TASK OBJECTIVE | The copy should hold exactly the lines below from the one that contains "Nunoo Moon Print Recycled Canvas Laptop Bag" through the one that contains "Nivea Cream 150ml (5.07fl oz)" and nothing else, so no pictures.

*** Opening of WORKING DATA ***

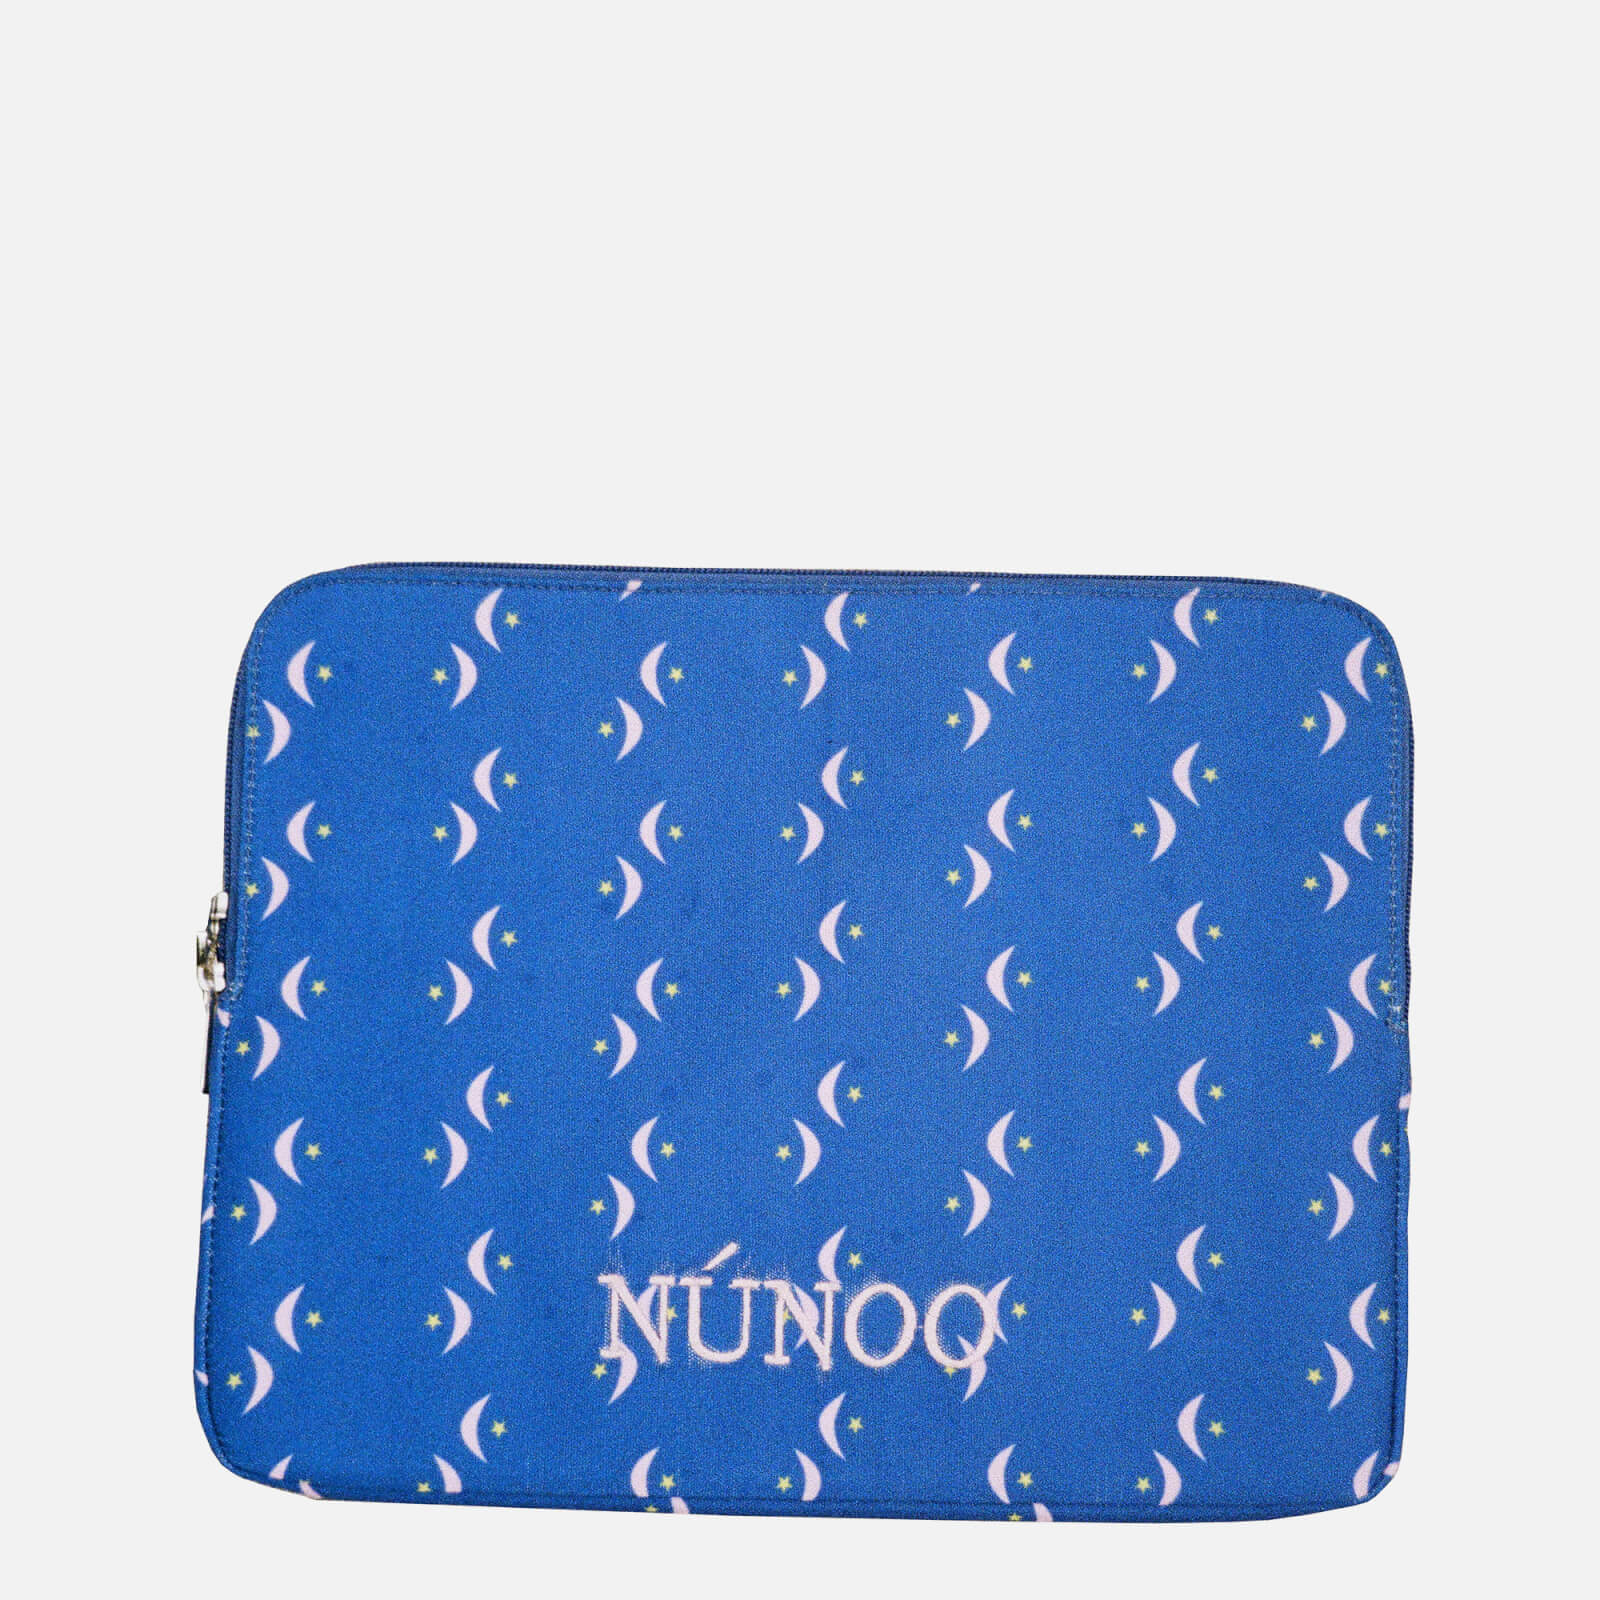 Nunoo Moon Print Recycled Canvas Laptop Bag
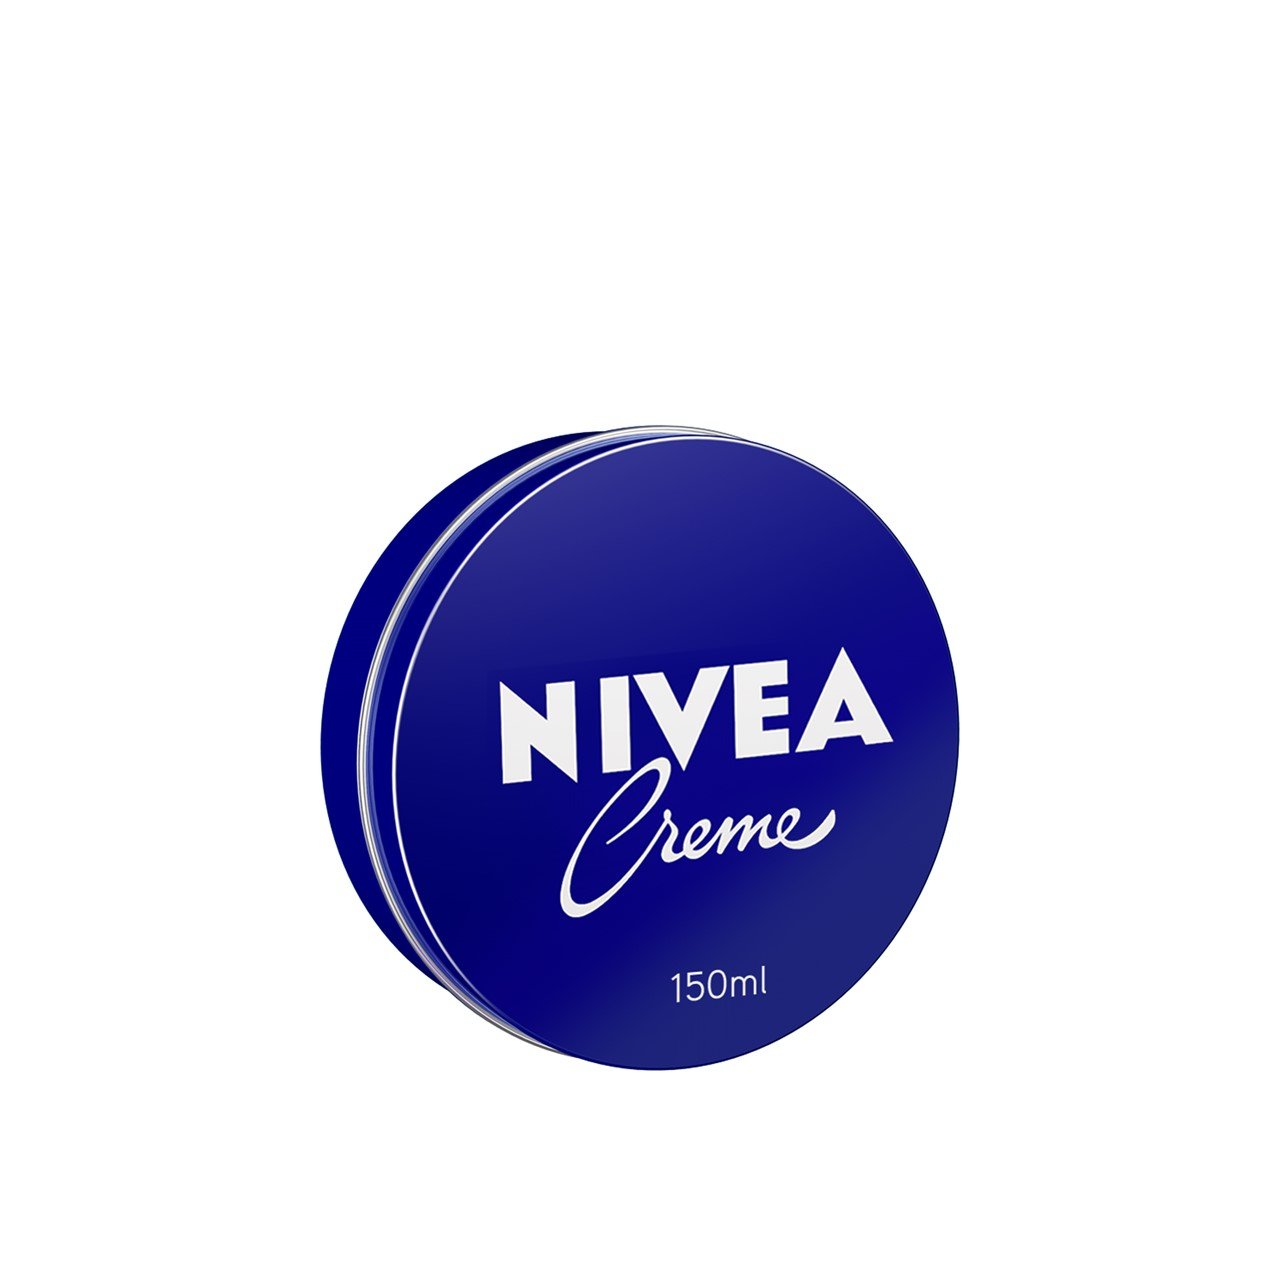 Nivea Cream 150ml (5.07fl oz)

*** Close of WORKING DATA ***
*** Opening of WORKING DATA ***

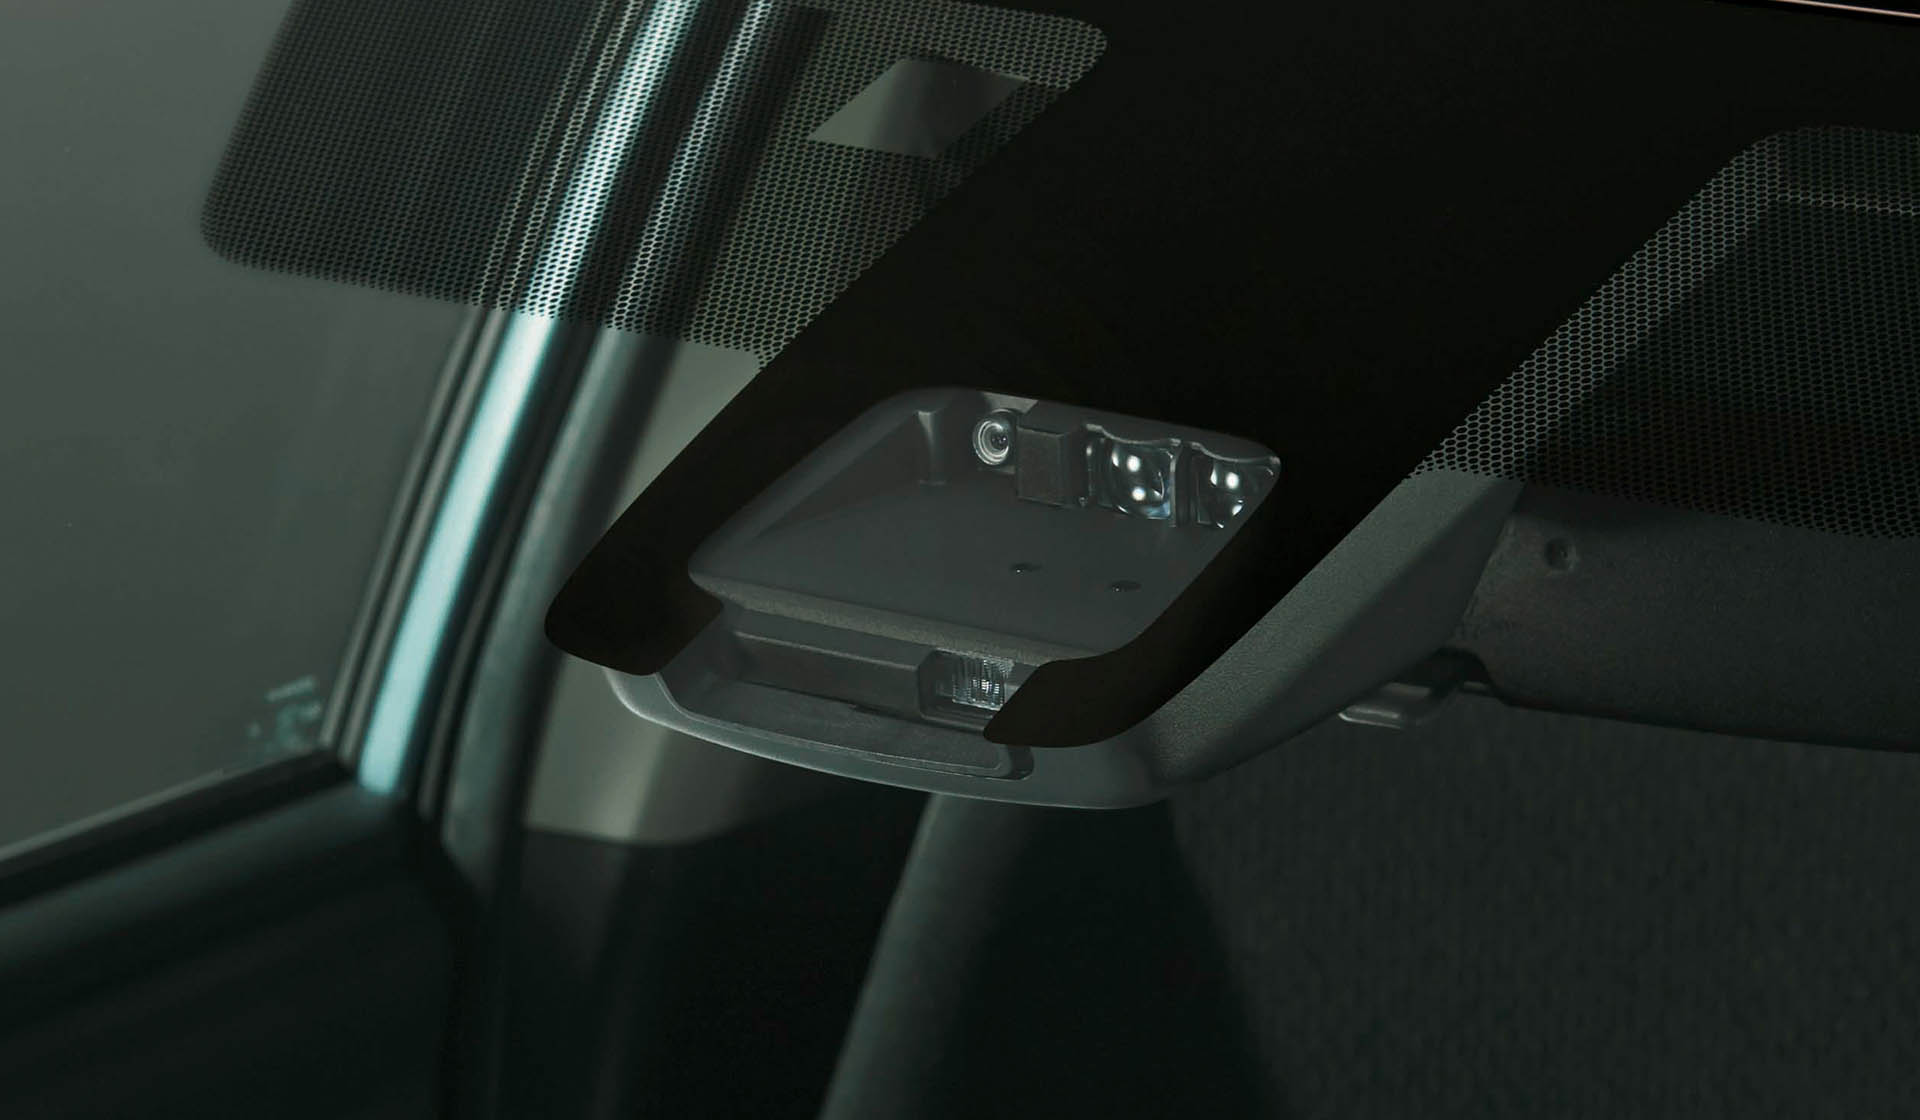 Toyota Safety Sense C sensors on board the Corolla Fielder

*** Close of WORKING DATA ***

SOLUTION TO THE EXERCISE |
 Nunoo Moon Print Recycled Canvas Laptop Bag
 Nivea Cream 150ml (5.07fl oz)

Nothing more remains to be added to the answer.